Szaleństw ciąg dalszy

  • 2003-01-06 14:28
Dziś dopiero odbyły się kwalifikacje do konkursu w Bischofshofen. Dużo zamieszania i dużo emocji. Dystans jury pokonał Thomas Morgenstern. W konkursie Małysz, Bachleda i Mateja. Pochwała poza 50tka.

Kwalifikacje rozpoczeli austriacy z "dzikimi kartami" skacząc tak pięknie i daleko, że prawdopodbiństwo skrócenia rozbiegu było bardzo prawdopodobne. Tak też sie stalo. Nie pomogło to jednak, po dwóch próbach znów trzeba było zaczynać od nowa... Następna próba rozegrania kwalifikacji odbyła się z bramki 15tej. Dla przypomnienia, wczoraj najniższa bramka, z której startowali zawodnicy miała numer 21.

Ilia Rosliakow upadł po skoku na i znów nastąpiła krótka przewa. Skaczący po nim uzyskiwali słabe odległości - w granicach 90tu metrów. Po wspaniałych skokach młodych austriaków było to bardzo rozczarowywujące. Pierwszy 100 metrów i to aż o 8,5m pokonał Maximilian Mechler.

Startujący z numerem 17 Anders Bardal osiągnął 116 metrów. Zaczynało się robić ciekawie. Wyprzedził go zaraz notą łączną Igor Medved.

Nieźle zaprezentował się Robert Mateja osiągając 114,5 plasując się jedynie za Bardalem i Medviedem. W tej fazie kwalifikacji oglądaliśmy głównie przyzwoite skoki, a startowali całkiem przeciętni w tym sezonie zawodniy. Groźba ponownego przerwania konkursu wisiała w powietrzu.

Jednak organizatorzy konkursu zachowali spokój i nie przerywali serii. Ładne skoki cieszyły nielicznych kibców zgromadzonych wokół skoczni i trenerów - m.in. Vasia Bajc mógł pierwszy raz cieszyć sie z wynków swojego podopiecznego.

Na tym tle 103,5 metra Tomasza Pochwały wyglądało niezbyt dobrze. Dla pocieszenia zachwycający w poprzednich kwalifikacjach Stefan Thurnbichler osiągnąl 10,5 metra mniej.

Jednak krótkie skoki należały do rzadkości. Niemiec Stefan Pieper osiągnał 123m, jako pierwszy przeskakując punkt K. Tylko chwile trzeba było czekać na dalszy skok - Michael Neumayer - 127 metrów!

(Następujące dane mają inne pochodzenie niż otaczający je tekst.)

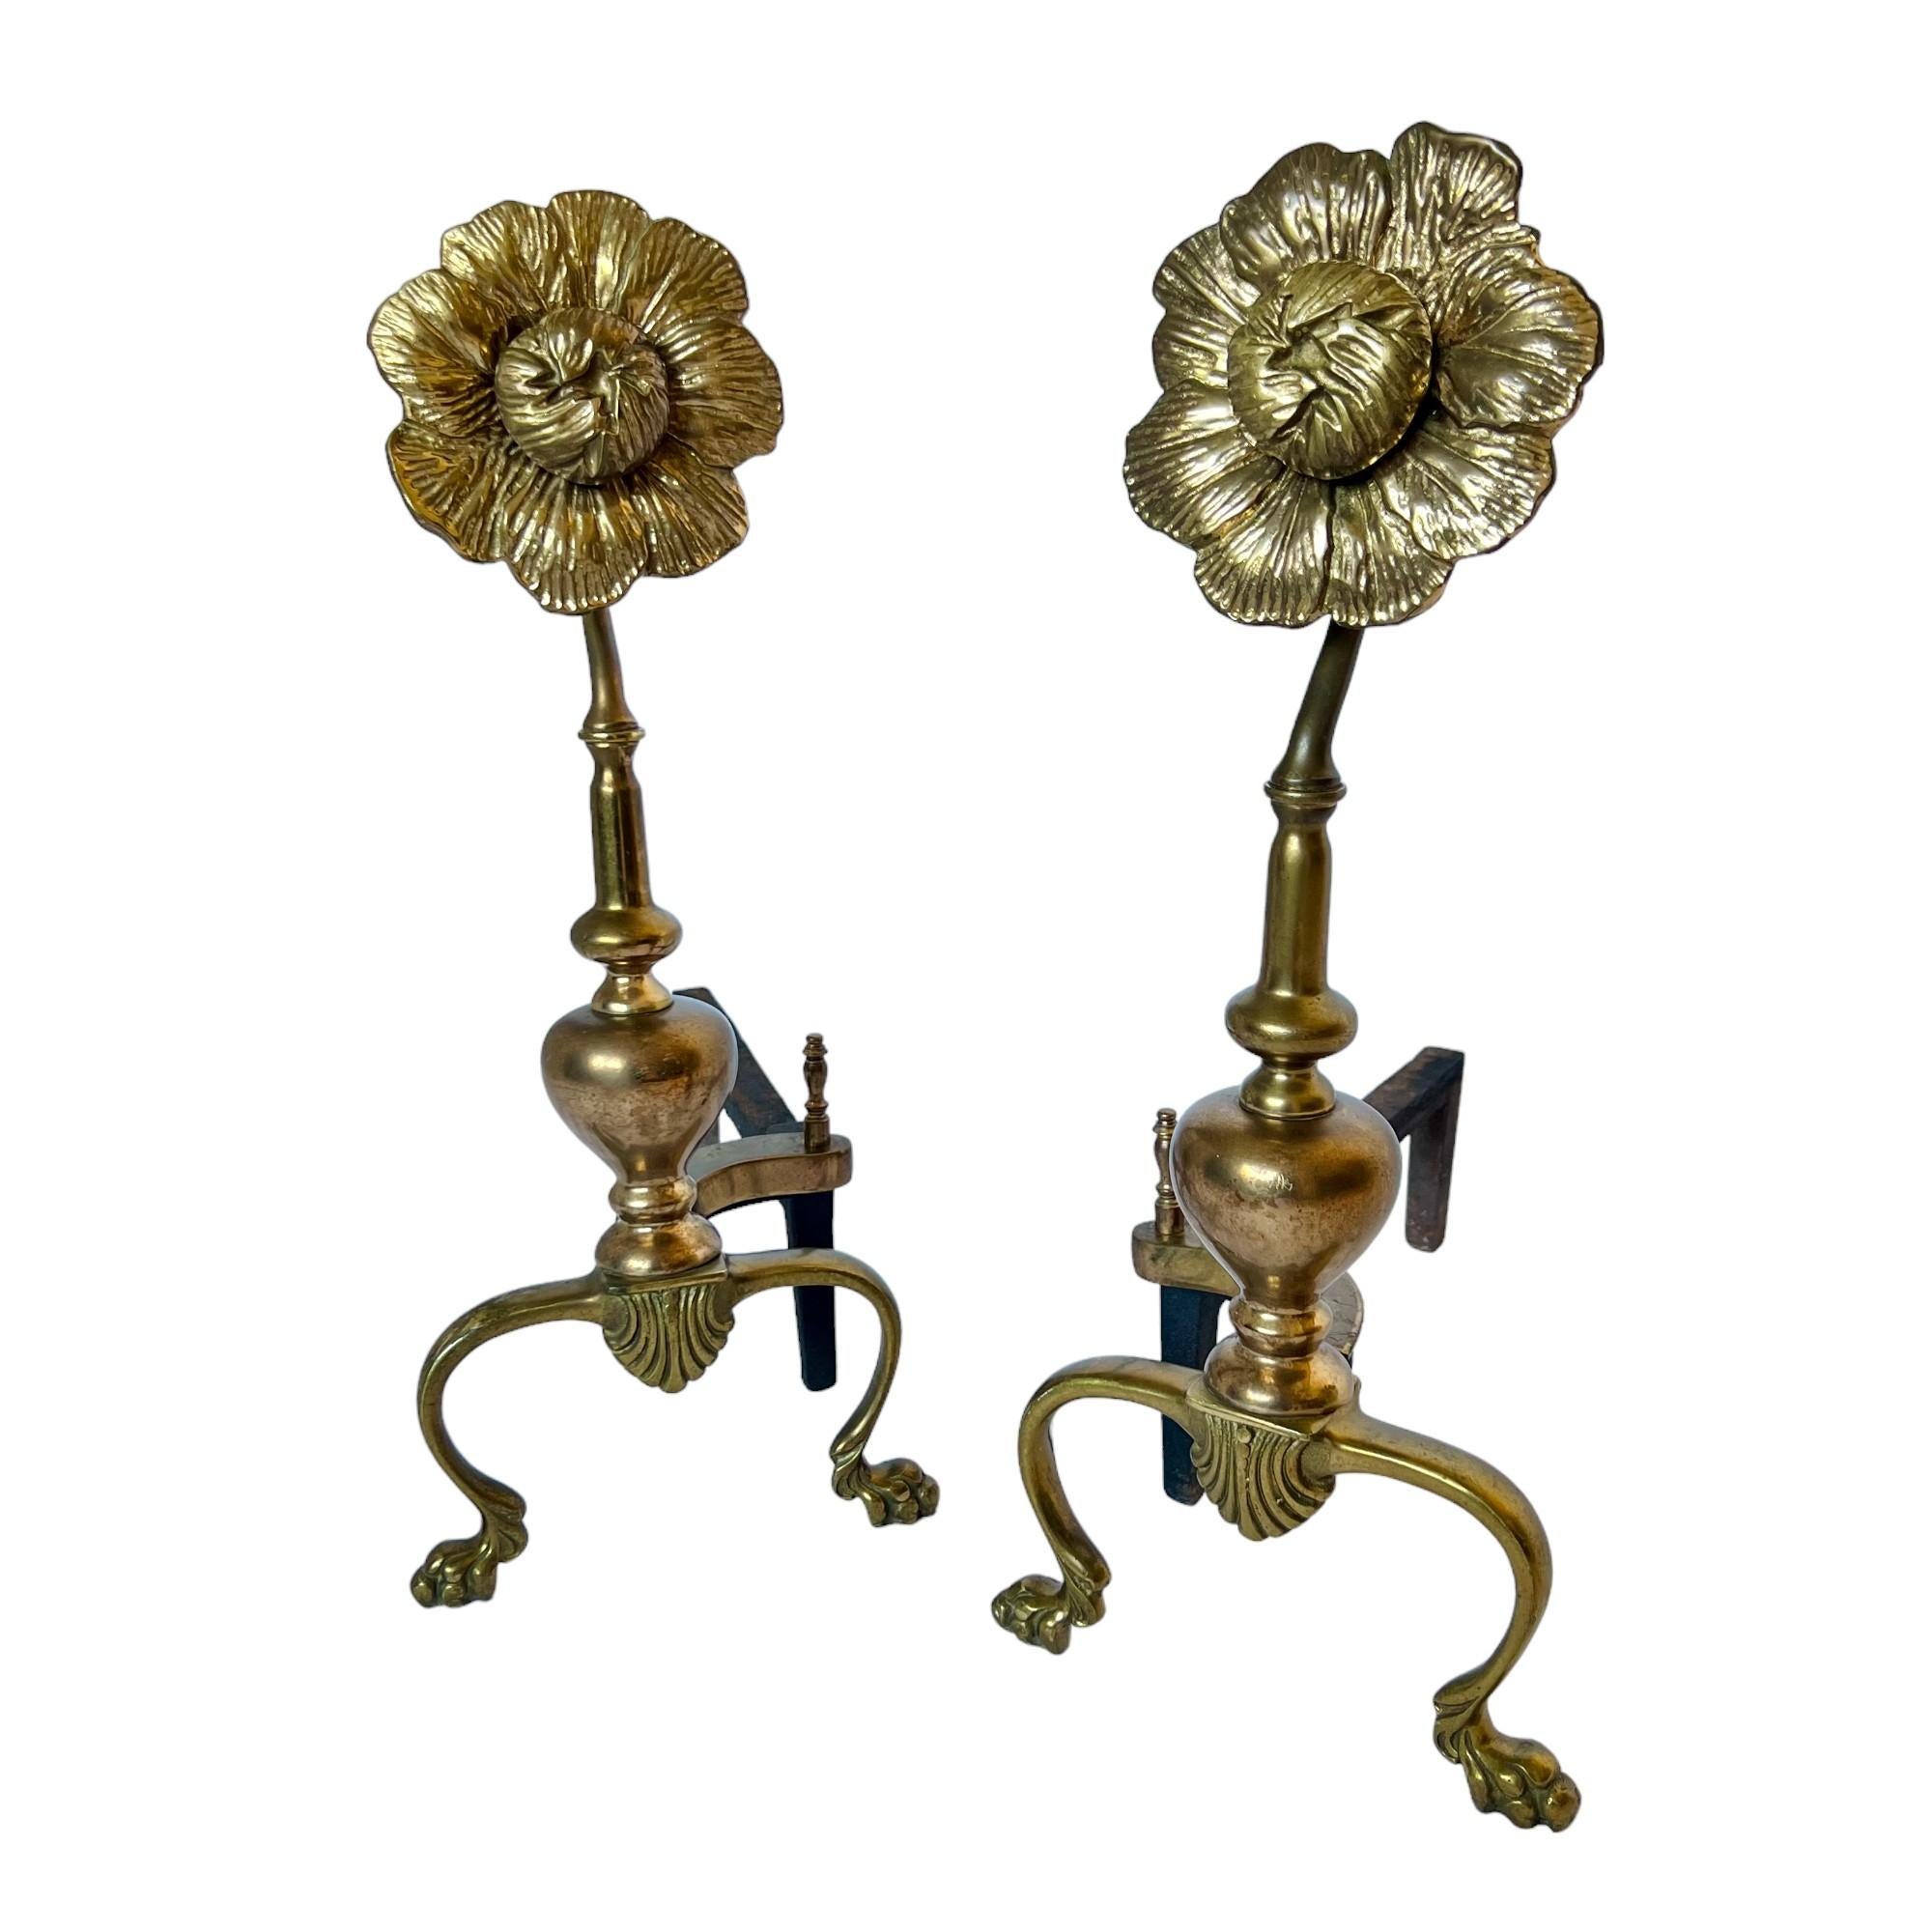 American Mid 20th Century Brass Flower Andirons or Chenets, a Pair
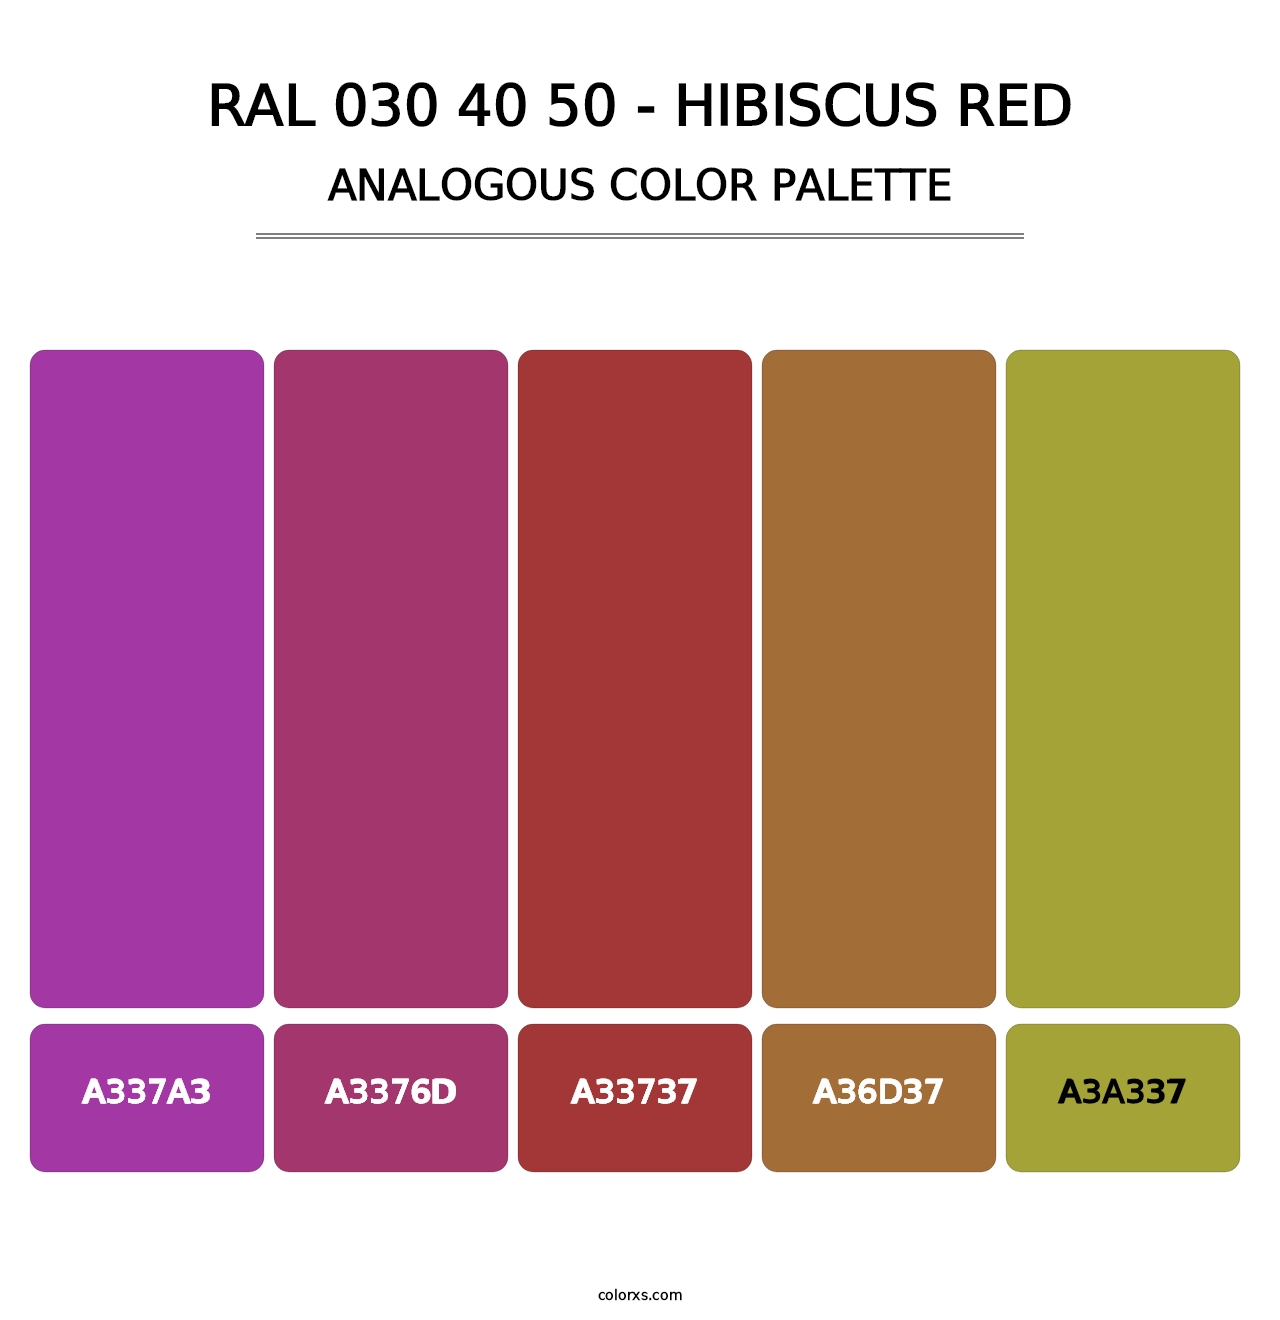 RAL 030 40 50 - Hibiscus Red - Analogous Color Palette

Marcin Bachleda oddał bardzo dobry skok - 122,5 i łączną notą wyprzedził Piepera. Roberto Cecon osiągnął 129,5 metra i spowodował kolejną przewe. Wznowienie serii i znów zachwycający skok - 135 metrów młodziutkiego Thomasa Morgensterna. Na trybunach euforia, na stanowiskach trenerskich - podziw, a także strach co bedzie dalej i czy można na to pozwolić?

Pozwolono. Skok Ammanna (112m.) potwierdził, że to słuszna decyzja. Jednak 128 metrów Lindstroema zachwiało tą wiarą.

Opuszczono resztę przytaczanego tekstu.